COURTESY: ETHAN TWEEDIE
Lasers from the twin telescopes of the Keck Observatory on Mauna Kea point to the center of the Milky Way galaxy, where scientists have found a second star orbiting a supermassive black hole. The newly found star, known as S0-102, may help astronomers discover whether Albert Einstein was right in his fundamental prediction of how black holes warp space and time, said Andrea Ghez of UCLA, leader of the discovery team.

Scientists using the Keck Observatory atop Mauna Kea have found a second star in a remarkably fast orbit around the black hole at the center of the Milky Way galaxy.

The finding, published today in the journal Science, may help astronomers discover if Einstein was right in his fundamental prediction of how black holes warp space and time, said UCLA physicist Andrea Ghez, leader of the discovery team.

The star, known as S0-102, orbits the black hole in 11.5 years, a relative sprint that allows astronomers to study an entire orbit for perturbations that offer clues to the black hole’s structure.

Before this discovery, astronomers knew of only one star near the black hole with a very short orbit: S0-2,  which completes a circuit in 16 years. Both are in the constellation Sagittarius.

“I’m extremely pleased to find two stars that orbit our galaxy’s supermassive black hole in much less than a human lifetime,” Ghez said in a statement. “It is the tango of S0-102 and S0-2 that will reveal the true geometry of space and time near a black hole for the first time.”

She has been studying 3,000 stars that orbit the black hole, most of which have orbits of 60 years or longer.

S0-102 has the shortest known orbit.

“The pivotal research by Ghez’s UCLA group using the Keck Observatory has evolved from proving that a supermassive black hole exists in the center of our galaxy to testing the very fundamentals of physics,” said Taft Armandroff, director of the Keck Observatory. “This is truly an exciting time in astronomy.”

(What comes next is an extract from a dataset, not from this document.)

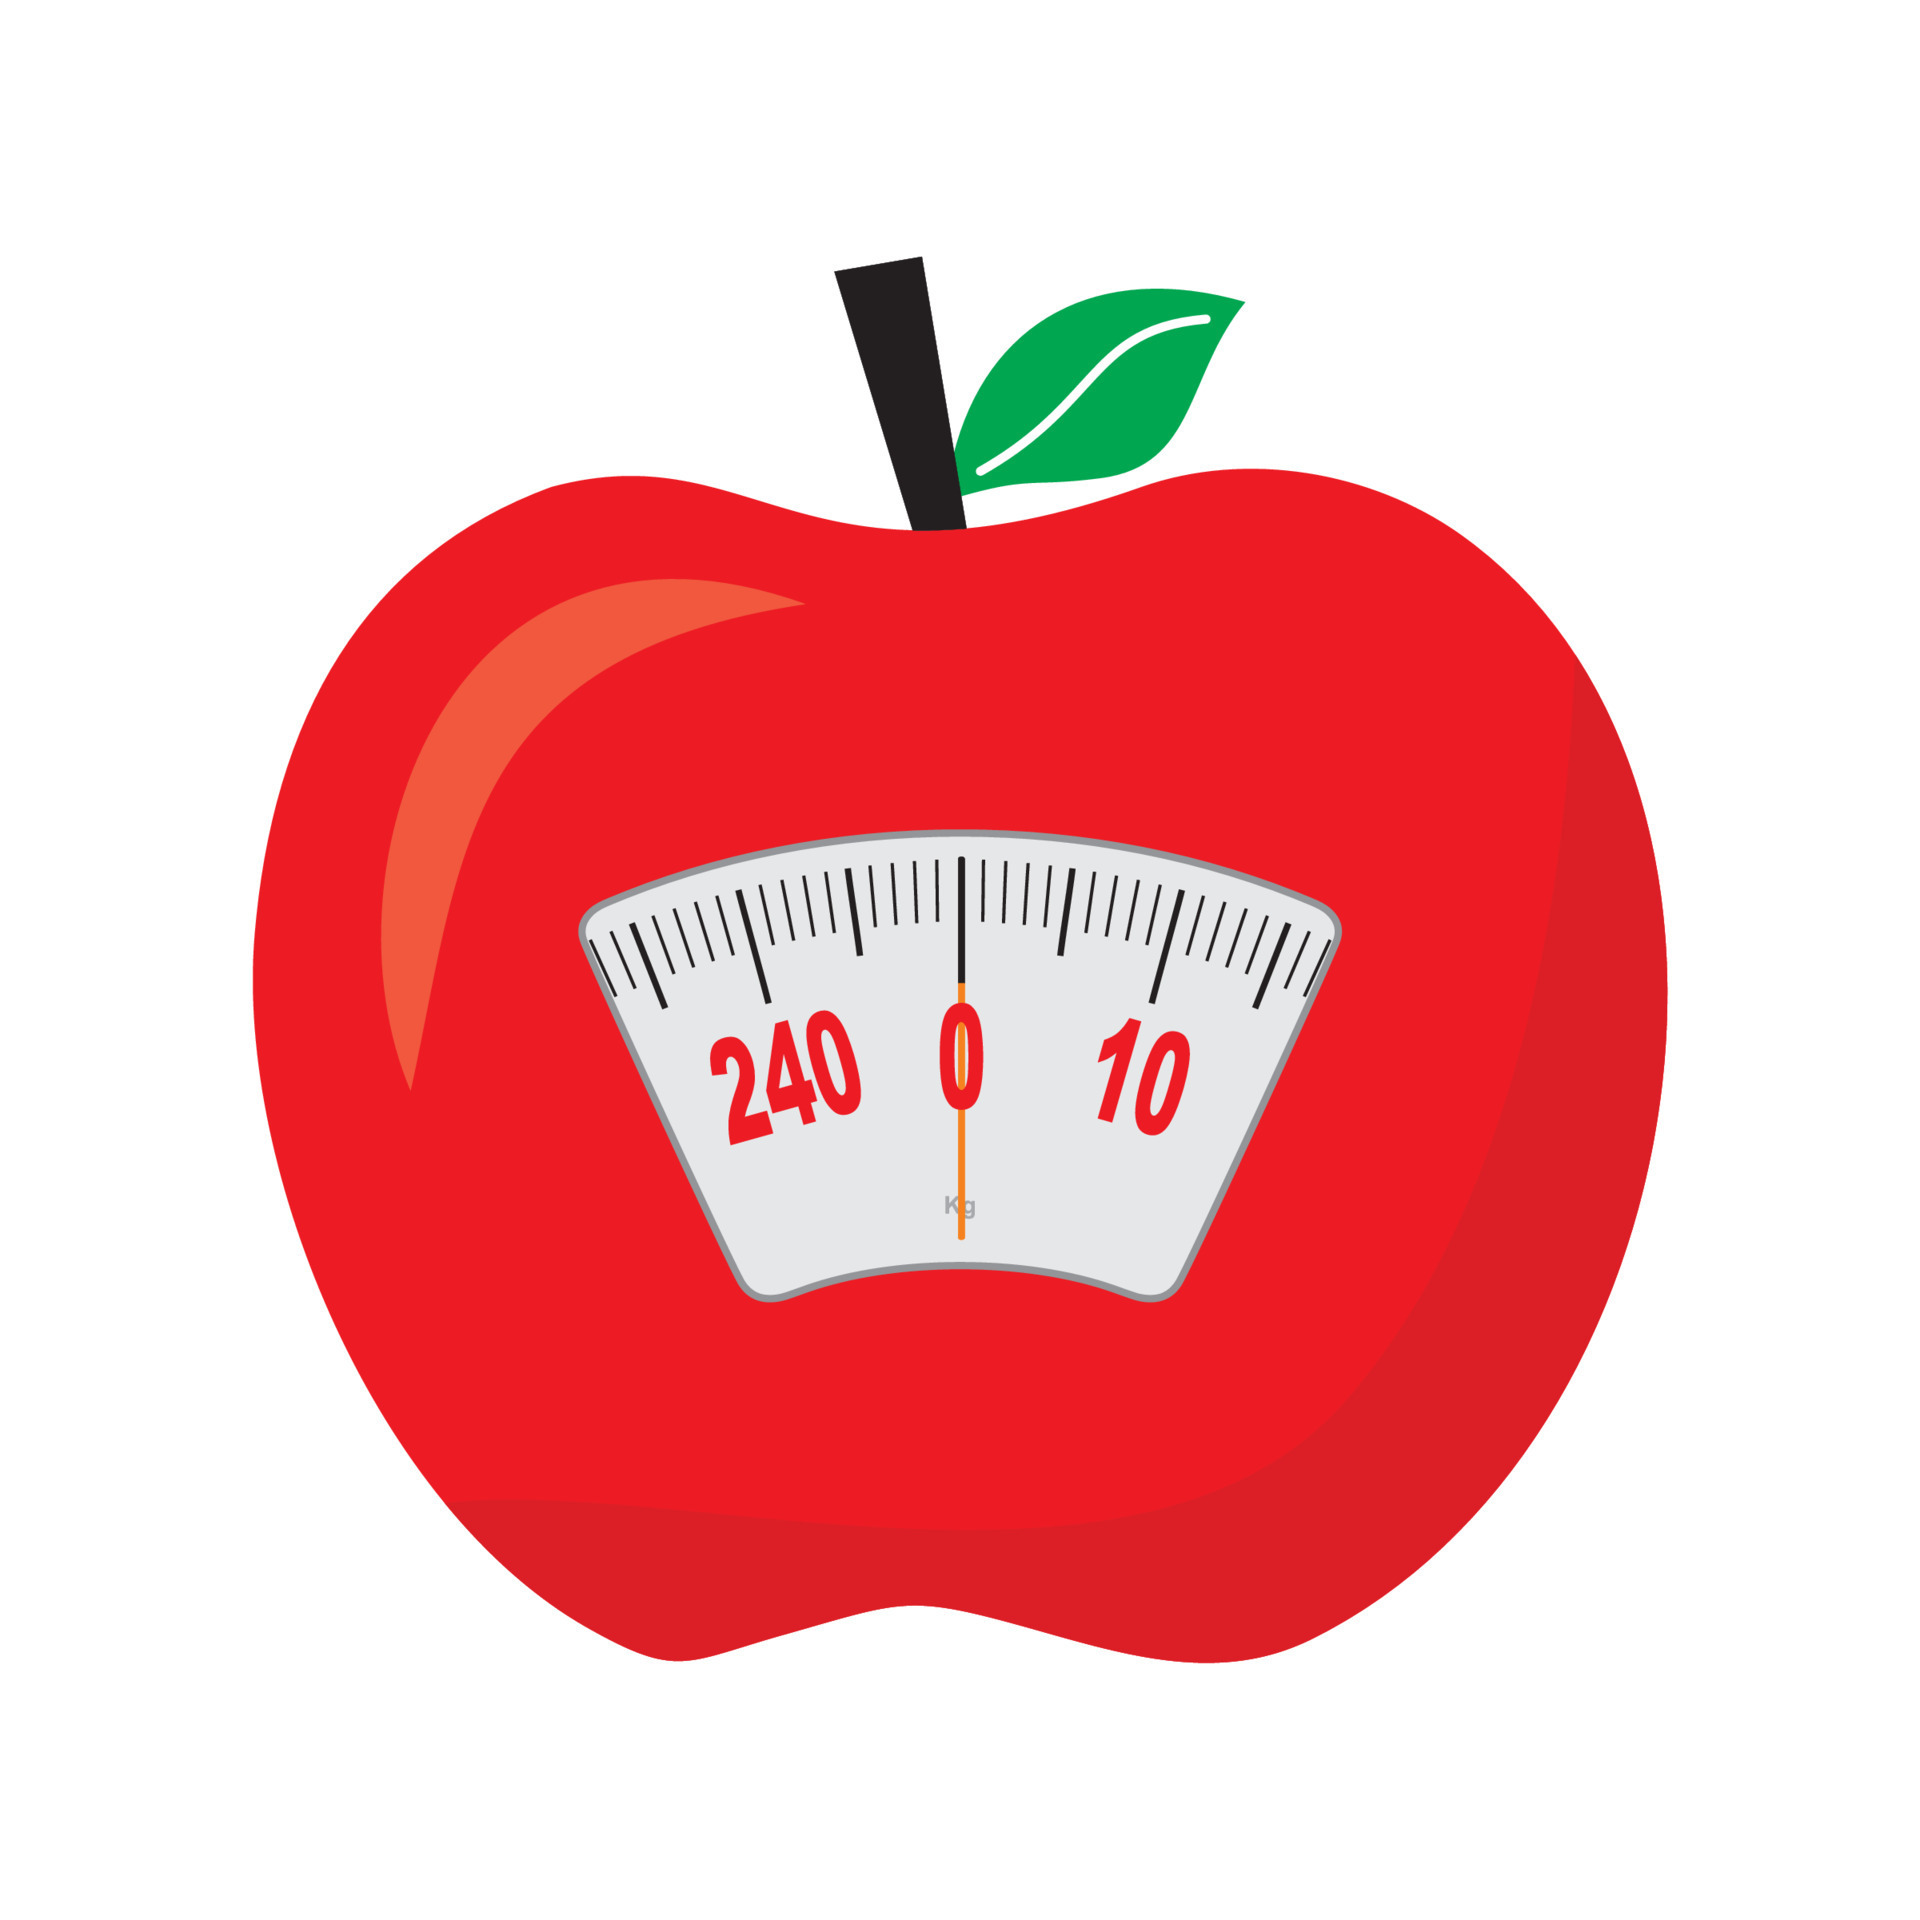 https://static.vecteezy.com/system/resources/previews/013/529/155/original/apple-diet-icon-illustration-red-apples-and-scales-apple-diet-menu-isolated-white-fitness-and-gym-icons-concept-weight-loss-healthy-lifestyle-proper-nutrition-vector.jpg
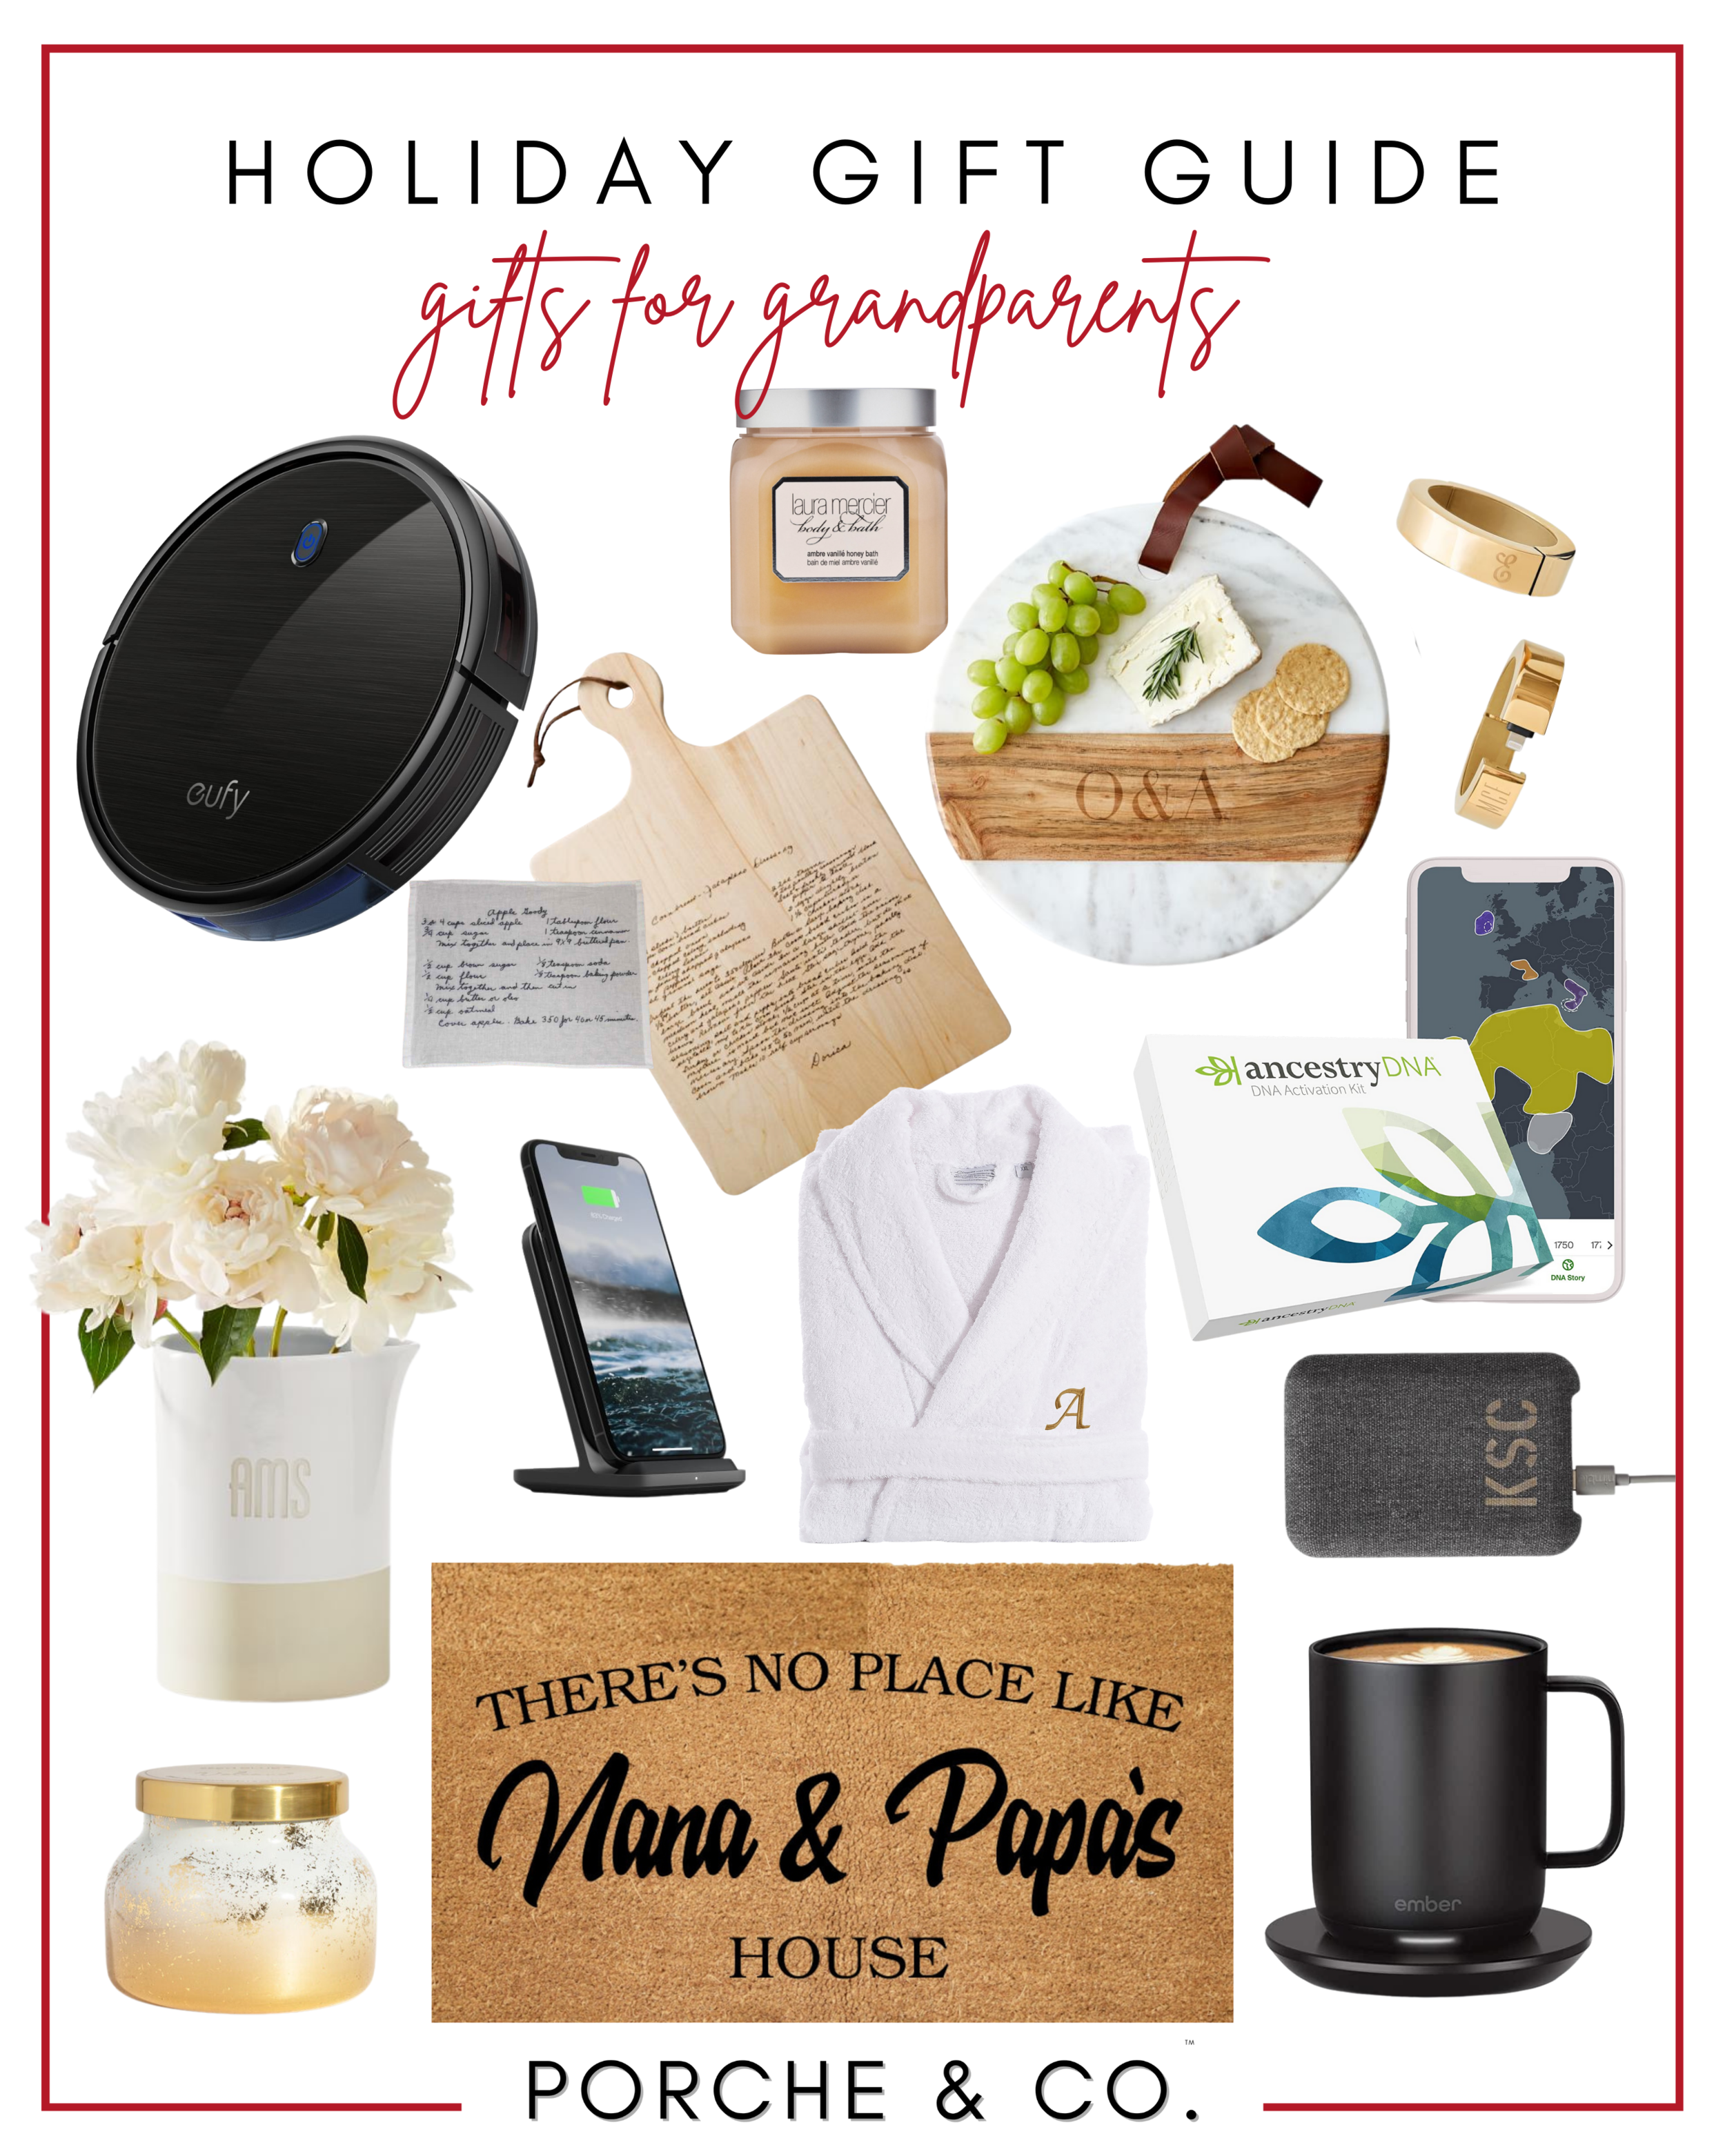 gifts for grandparents (Copy)

Black holes form out of the collapse of matter to such high density that not even light can escape their gravitational pull. They cannot be seen, but their influence on nearby stars is visible and provides a signature, said Ghez.

Leo Meyer, a researcher on Ghez’s team and lead author of the study, said, “Today, Einstein is in every iPhone, because the GPS system would not work without his theory. What we want to find out is, would your phone also work so close to a black hole? The newly discovered star puts us in a position to answer that question in the future.”